I have a fairly typical show CPU usage query
100 - (avg by (instance) (irate(wmi_cpu_time_total{mode="idle"}[2m])) * 100) > 80
which results in data which looks a bit like this:
{instance="opus143.domain.com:9182"} 94.07140535559513
{instance="opus162.domain.com:9182"} 90.00755315803018
{instance="opus163.domain.com:9182"} 85.48084077380952
but I would like to query only for values for machines which don't appear in another list
opus_local_slaves_count > 0
opus_local_slaves_count{instance="opus143.domain.com:5100",job="opus-live",runname="SimV3.1a"} 54
opus_local_slaves_count{instance="opus143.domain.com:5110",job="opus-live",runname="SimV3.1a"} 54
opus_local_slaves_count{instance="opus145.domain.com:5100",job="opus-live",runname="SimV3.1a"} 54
opus_local_slaves_count{instance="opus145.domain.com:5110",job="opus-live",runname="SimV3.1a"} 54
opus_local_slaves_count{instance="opus146.domain.com:5100",job="opus-live",runname="SimV3.1a"} 54
opus_local_slaves_count{instance="opus146.domain.com:5110",job="opus-live",runname="SimV3.1a"} 54
I think I've been able to get part of the way there using label_replace to give me the host in each case
(label_replace((100 - (avg by (instance) (irate(wmi_cpu_time_total{mode="idle"}[2m])) * 100) > 80), "host", "$1","instance","(.*?)[.].*"))
{host="opus143",instance="opus143.domain.com:9182"} 94.07140535559513
{host="opus162",instance="opus162.domain.com:9182"} 90.00755315803018
{host="opus163",instance="opus163.domain.com:9182"} 85.48084077380952
label_replace((opus_local_slaves_count > 0), "host", "$1","instance","(.*?)[.].*")

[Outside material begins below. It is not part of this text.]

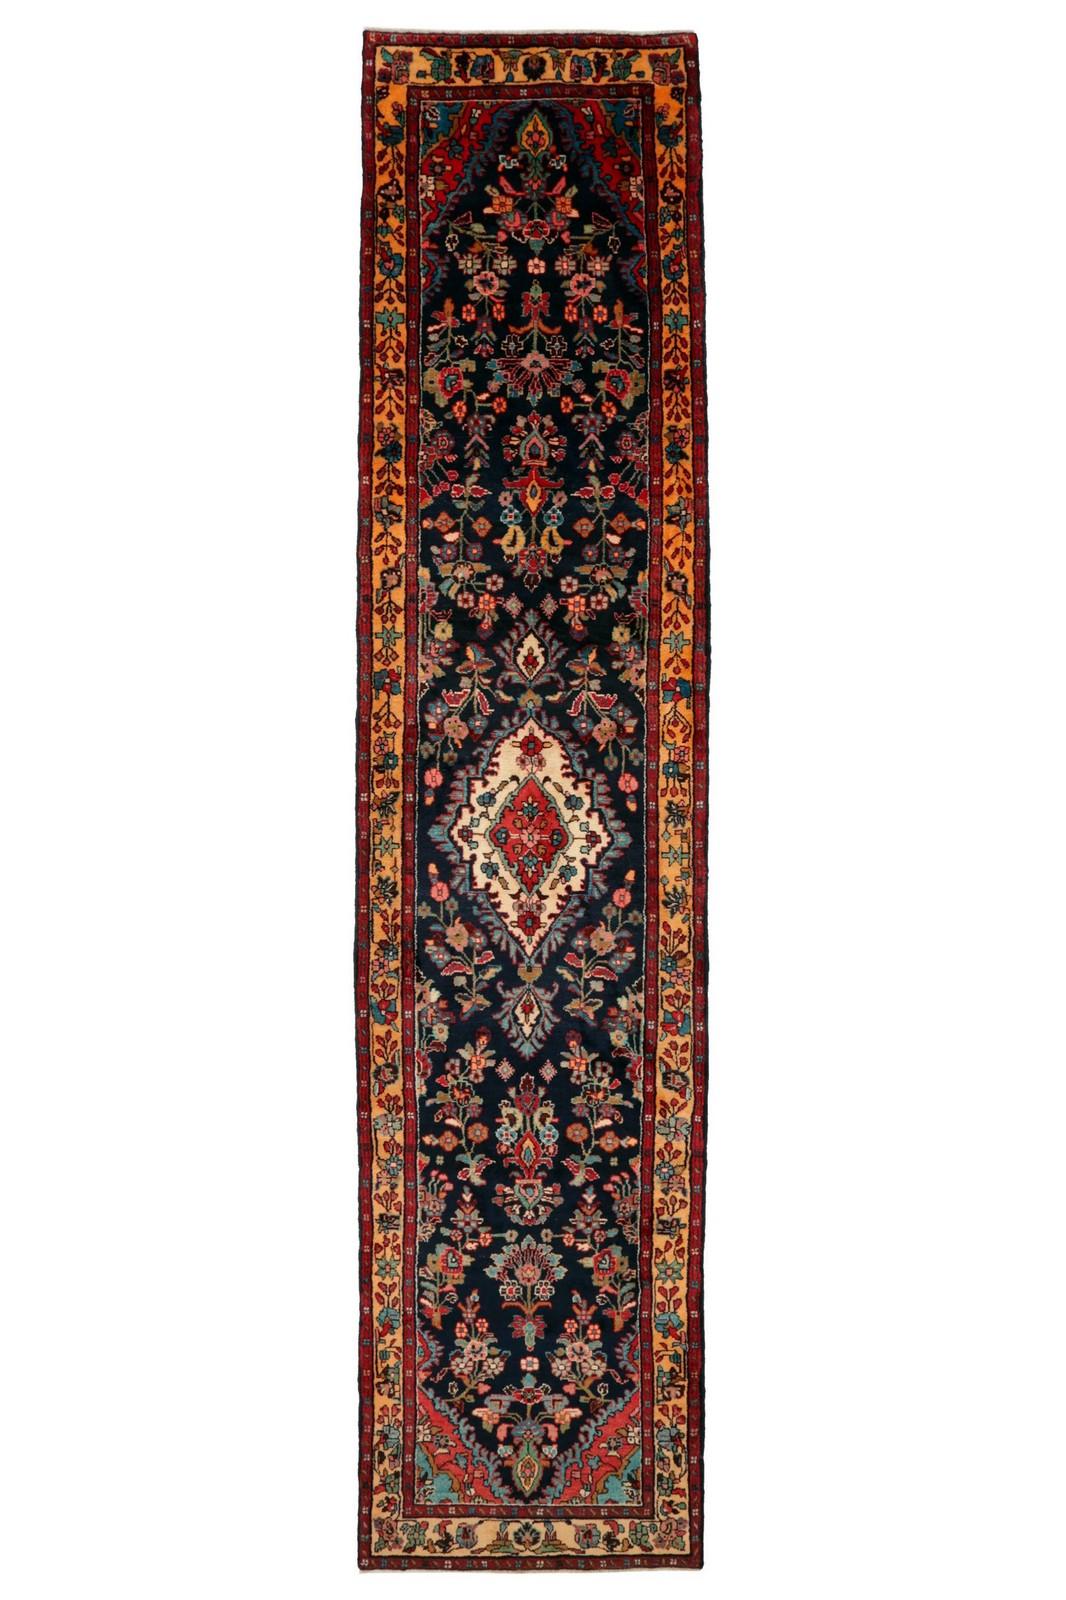 Persisk Kabotar Ahang løber, 430 x 91 cm - Persisk Kabotar Ahang løber, vest Persien. Uld på bomuld. 430 x 91 cm
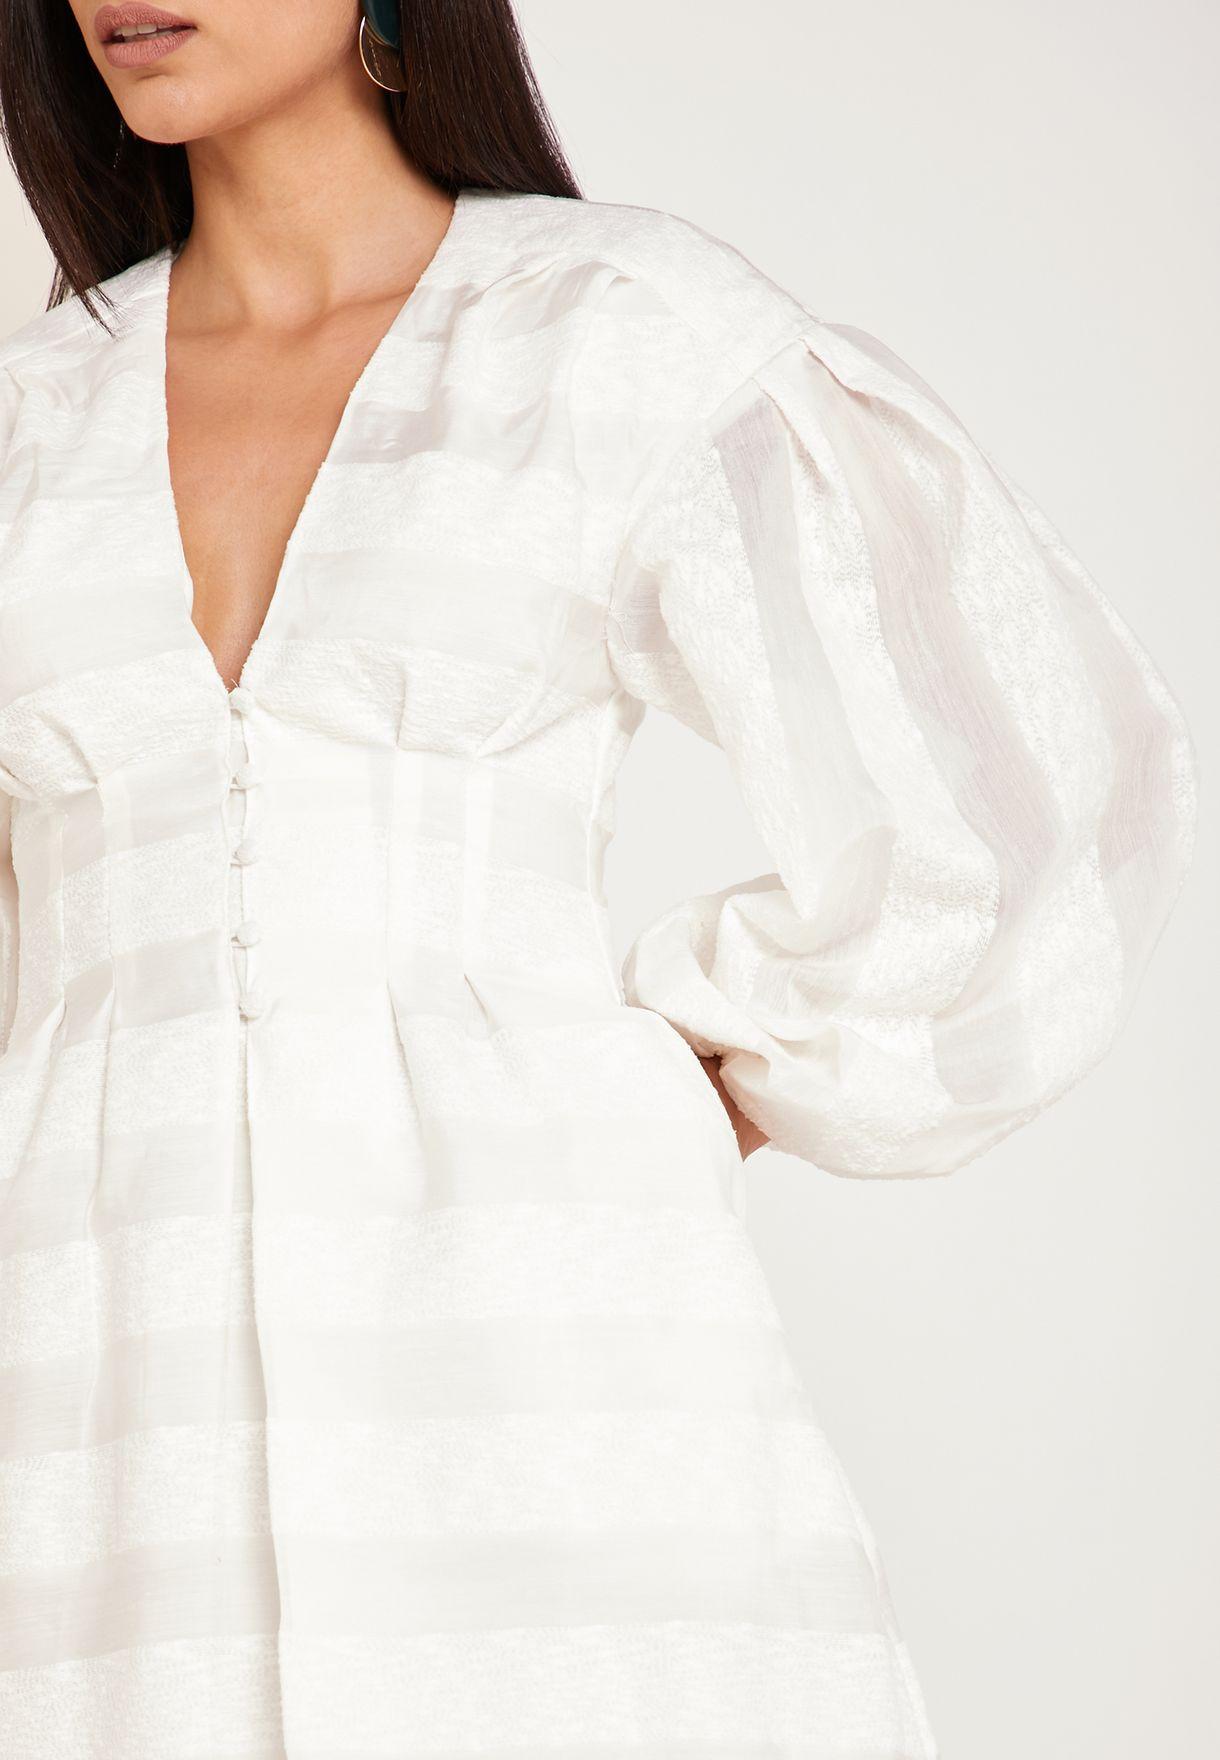 Unbroken Sleeve Detail Dress

opus_local_slaves_count{host="opus143",instance="opus143.domain.com:5100",job="opus-live",runname="SimV3.1a"} 54
opus_local_slaves_count{host="opus143",instance="opus143.domain.com:5110",job="opus-live",runname="SimV3.1a"} 54
opus_local_slaves_count{host="opus145",instance="opus145.domain.com:5100",job="opus-live",runname="SimV3.1a"} 54
opus_local_slaves_count{host="opus145",instance="opus145.domain.com:5110",job="opus-live",runname="SimV3.1a"} 54
opus_local_slaves_count{host="opus146",instance="opus146.domain.com:5100",job="opus-live",runname="SimV3.1a"} 54
opus_local_slaves_count{host="opus146",instance="opus146.domain.com:5110",job="opus-live",runname="SimV3.1a"} 54
But now I am really stuck trying to exclude hosts in the second list, from the first. Is this even possible in PromQL? In SQL it would be a simple NOT IN subquery
UPDATE: For context, what I'm trying to achieve is to be able to alert for high-CPU on servers, except servers in the second list, which should have high-CPU utilisation. Maybe there's a better way?
Solved it!
For anyone who finds this looking to do something similar... The saliant keyword is UNLESS!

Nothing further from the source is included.